Your goal: Every line in the data below from the one containing "William Watting coffee" down to the one containing "Legs of stained", both included, must be retyped exactly; no other line is to appear.

Stored data:
+++

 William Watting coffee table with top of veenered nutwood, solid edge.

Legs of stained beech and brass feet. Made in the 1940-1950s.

+++

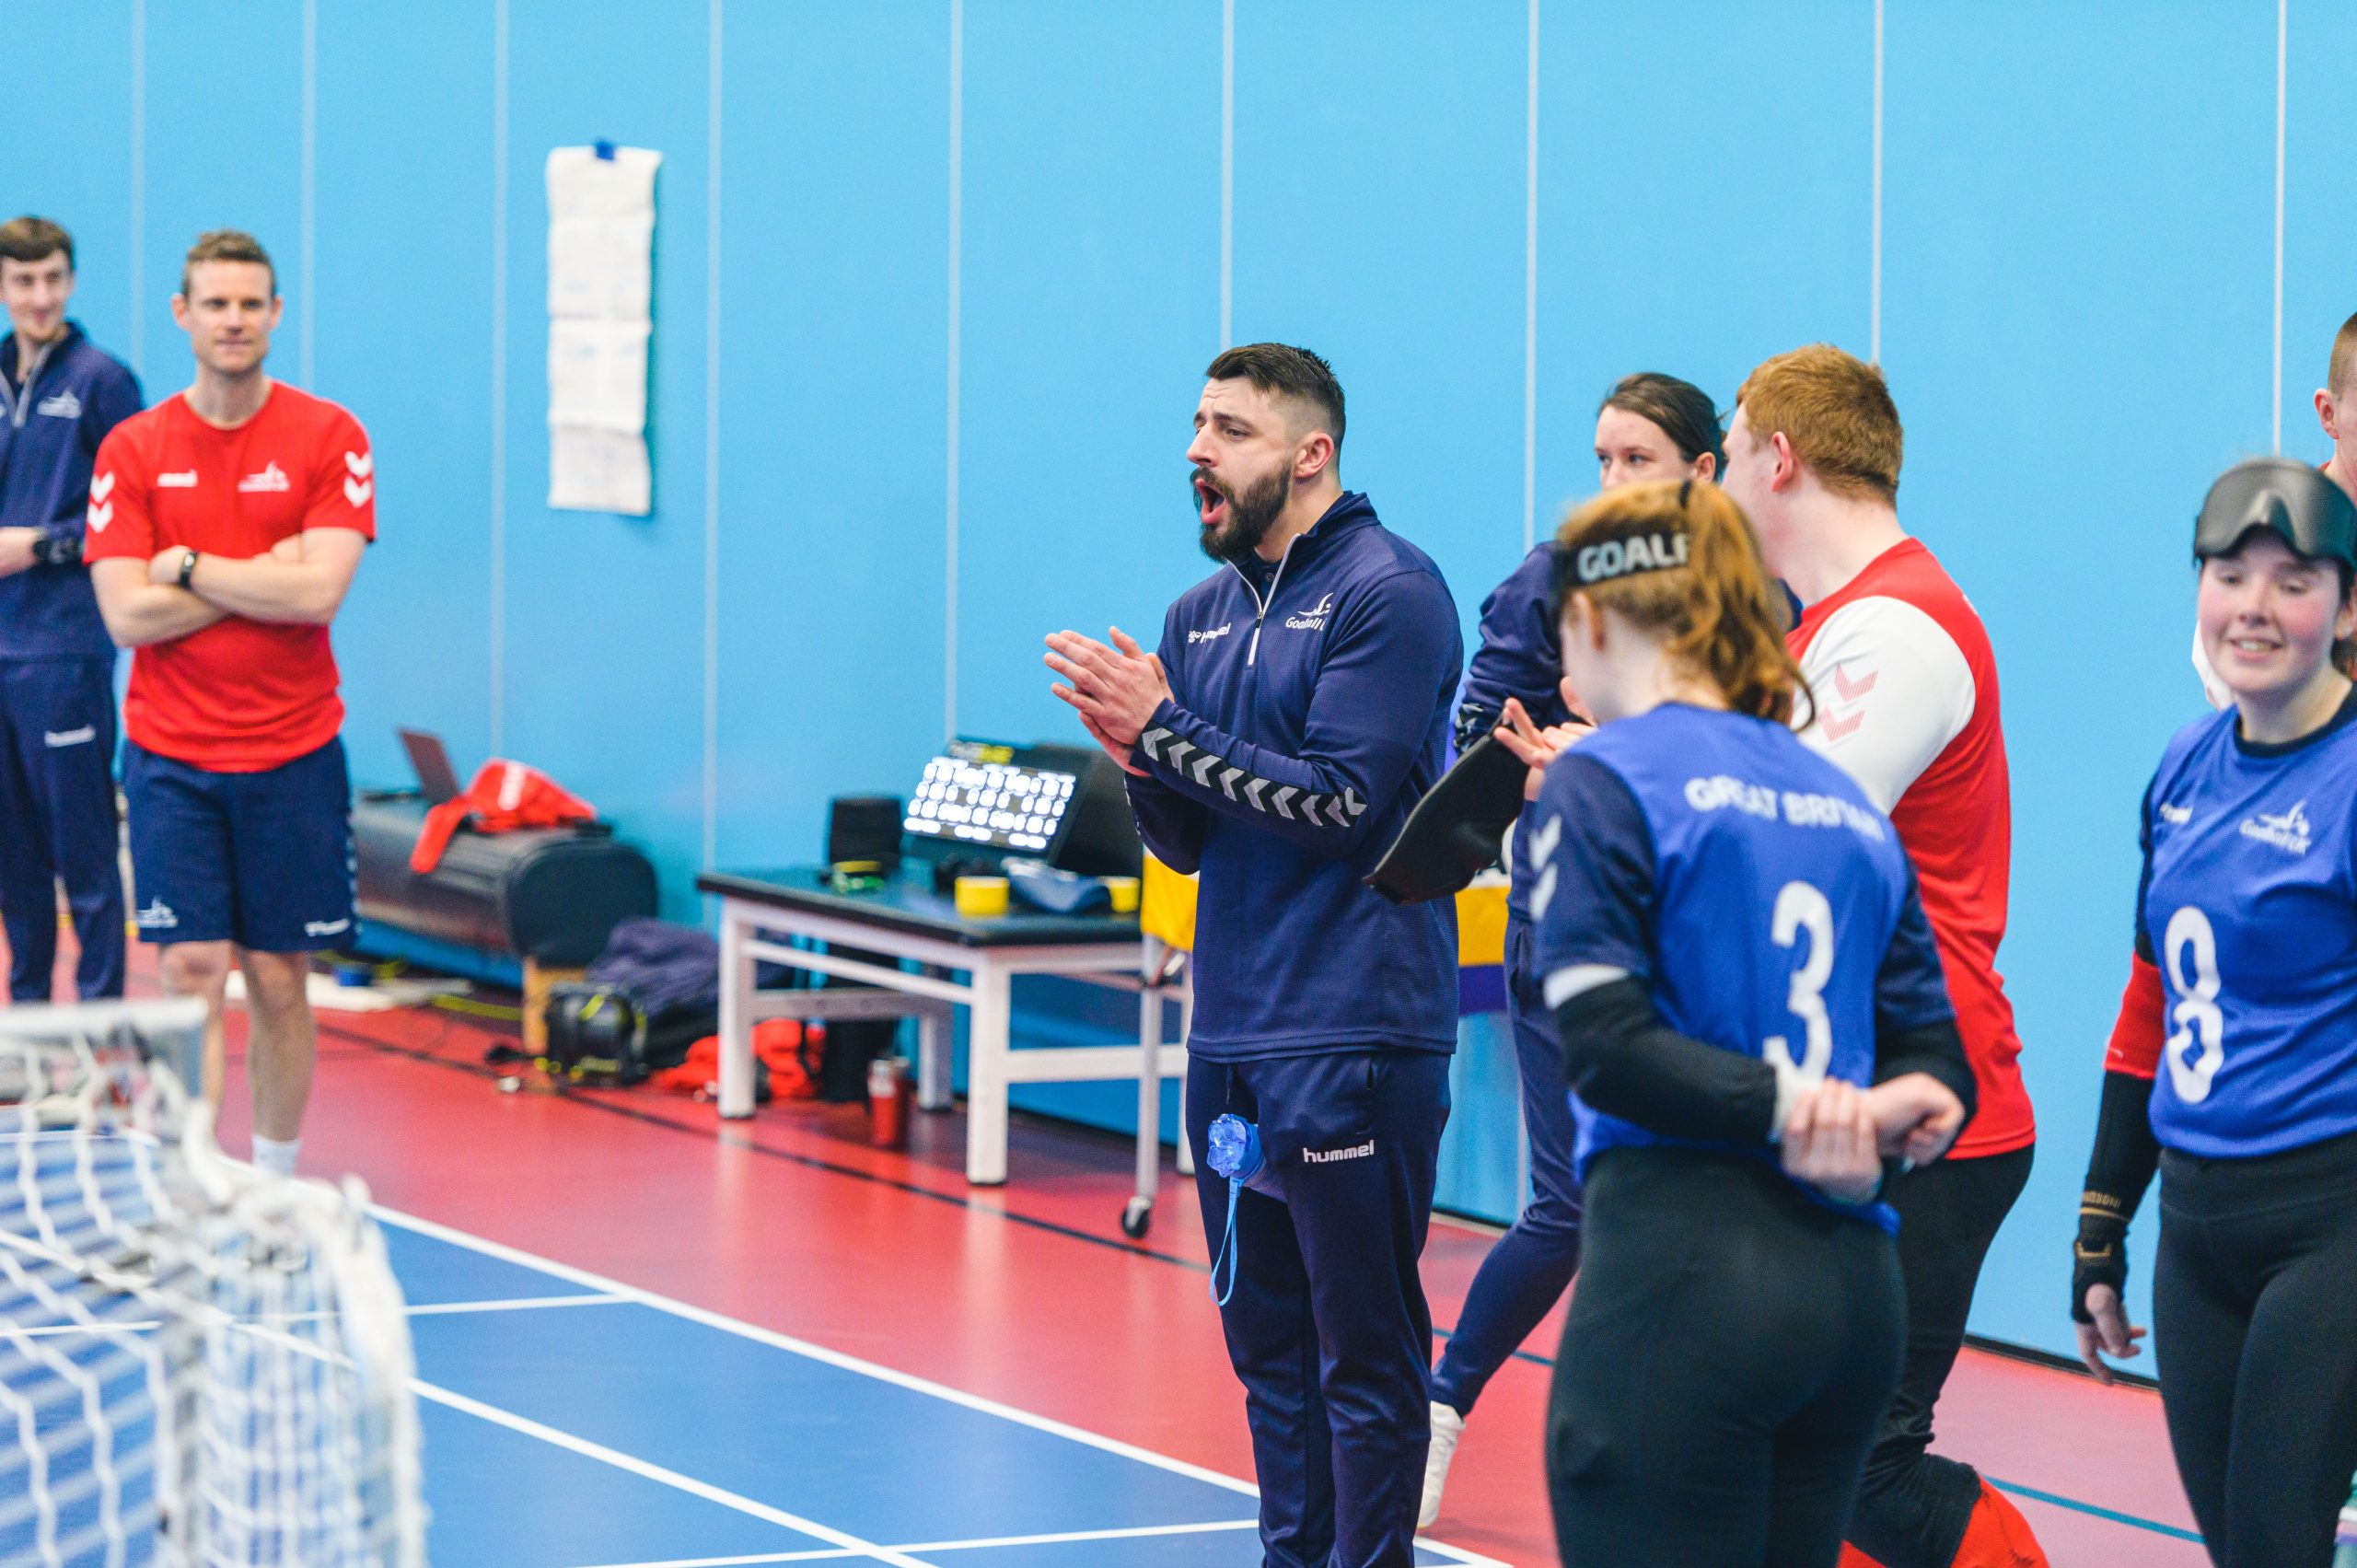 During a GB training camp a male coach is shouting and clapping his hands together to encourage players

+++

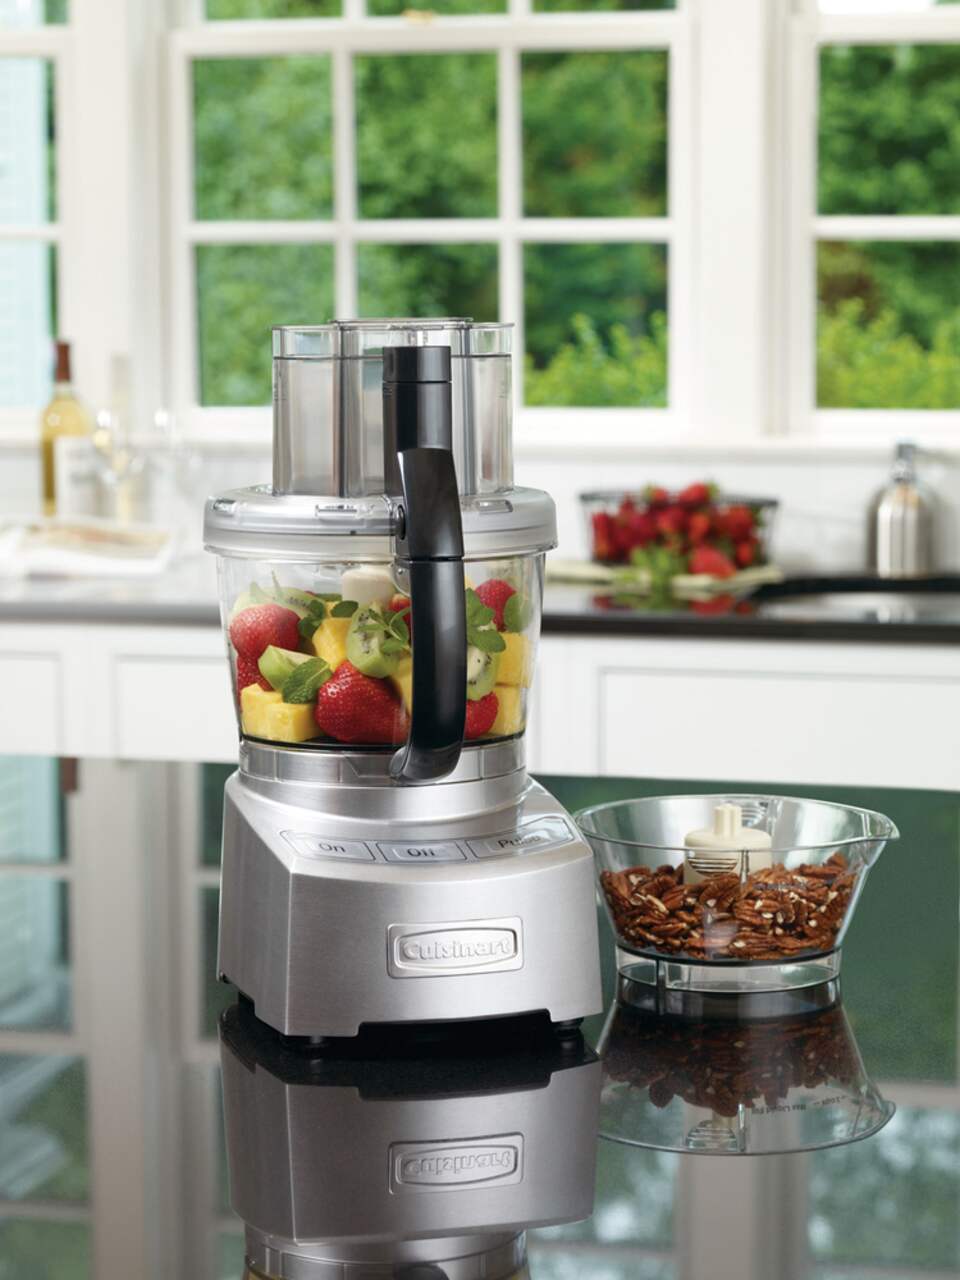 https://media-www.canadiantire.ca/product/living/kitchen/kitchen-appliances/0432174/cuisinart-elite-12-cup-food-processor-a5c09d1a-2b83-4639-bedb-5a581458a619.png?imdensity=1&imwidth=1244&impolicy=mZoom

+++

Answer area:
 William Watting coffee table with top of veenered nutwood, solid edge.

Legs of stained beech and brass feet. Made in the 1940-1950s.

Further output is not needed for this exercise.